Jorge Meza – A FAO utiliza duas principais métricas: a subalimentação (PoU) e a insegurança alimentar baseada na Escala de Experiência de Insegurança Alimentar (FIES). A subalimentação mede a proporção da população sem acesso econômico a uma quantidade mínima de calorias por dia, com base em séries estatísticas e modelos que consideram oferta alimentar, desigualdade no consumo e necessidades energéticas. Já a FIES é baseada em entrevistas diretas com a população, avaliando experiências e comportamentos associados à insegurança alimentar. Os dados são coletados em parceria com instituições nacionais, como o IBGE, e seguem metodologias internacionalmente acordadas.
AgriBrasilis – Houve um desmonte das políticas públicas de aquisição de alimentos a partir de 2015. Essas políticas foram retomadas?
Jorge Meza – A partir de 2015, observou-se a descontinuidade de políticas essenciais como o Programa de Aquisição de Alimentos (PAA), o que contribuiu para o retorno da fome. No entanto, a partir de 2023, houve uma retomada significativa dessas políticas. O Programa Bolsa Família foi relançado, agora alcançando 55 milhões de pessoas. O PAA foi fortalecido, ampliando a compra direta da agricultura familiar com destinação a populações em vulnerabilidade. Também houve avanço na alimentação escolar, que hoje atinge cerca de 40 milhões de estudantes, e no financiamento rural por meio do Plano Safra da Agricultura Familiar. Além disso, políticas intersetoriais, como o registro único de 95 milhões de brasileiros em situação de vulnerabilidade, permitiram a integração de 42 programas sociais. Essa reconstrução de políticas públicas é central para alcançar a segurança alimentar de forma estruturante.
AgriBrasilis – Como posicionar a agricultura e a segurança alimentar no centro das negociações climáticas na COP 30?

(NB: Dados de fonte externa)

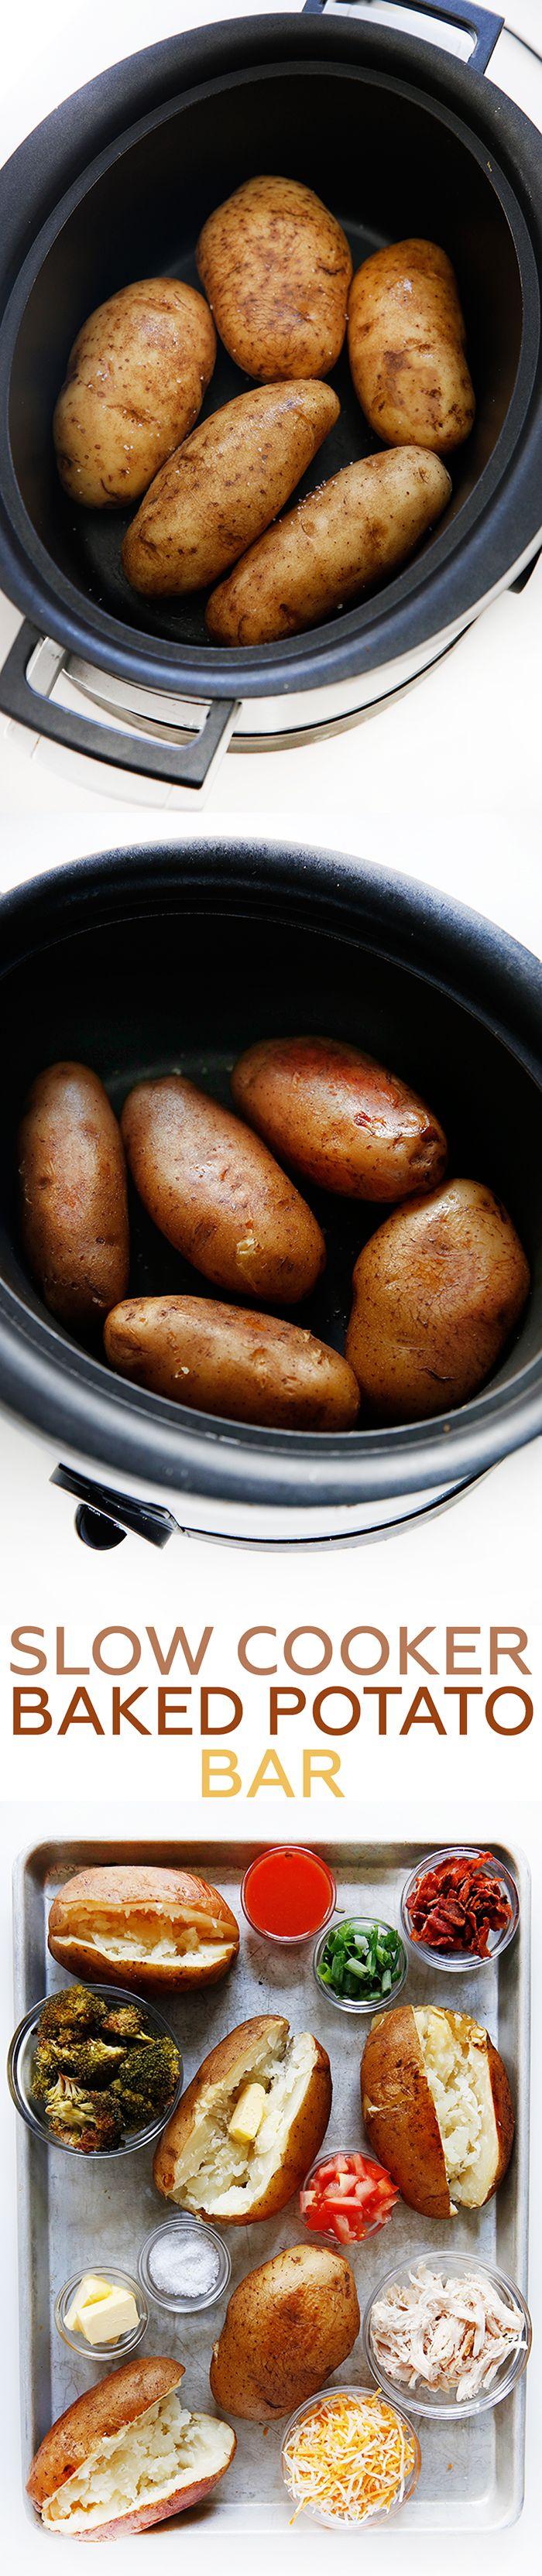 Slow Cooker Baked Potato Bar - Lexi's Clean Kitchen

Jorge Meza – A COP 30, que ocorrerá em Belém, PA, oferece uma oportunidade adicional para posicionar a agricultura e a segurança alimentar como temas relevantes da agenda climática. A produção de alimentos é diretamente afetada pelas mudanças do clima e, ao mesmo tempo, tem grande potencial de mitigação. A agricultura familiar, em especial, desempenha papel estratégico nesse contexto: é responsável por 80% dos alimentos do mundo, conserva a biodiversidade e pode liderar práticas sustentáveis. Para isso, é preciso garantir financiamento climático acessível para pequenos produtores, ampliar o reconhecimento de soluções baseadas na natureza e integrar a alimentação saudável às políticas de adaptação e mitigação. O Brasil pode liderar esse debate com base em sua experiência em políticas públicas integradas e na cooperação Sul-Sul, inspirando ações internacionais.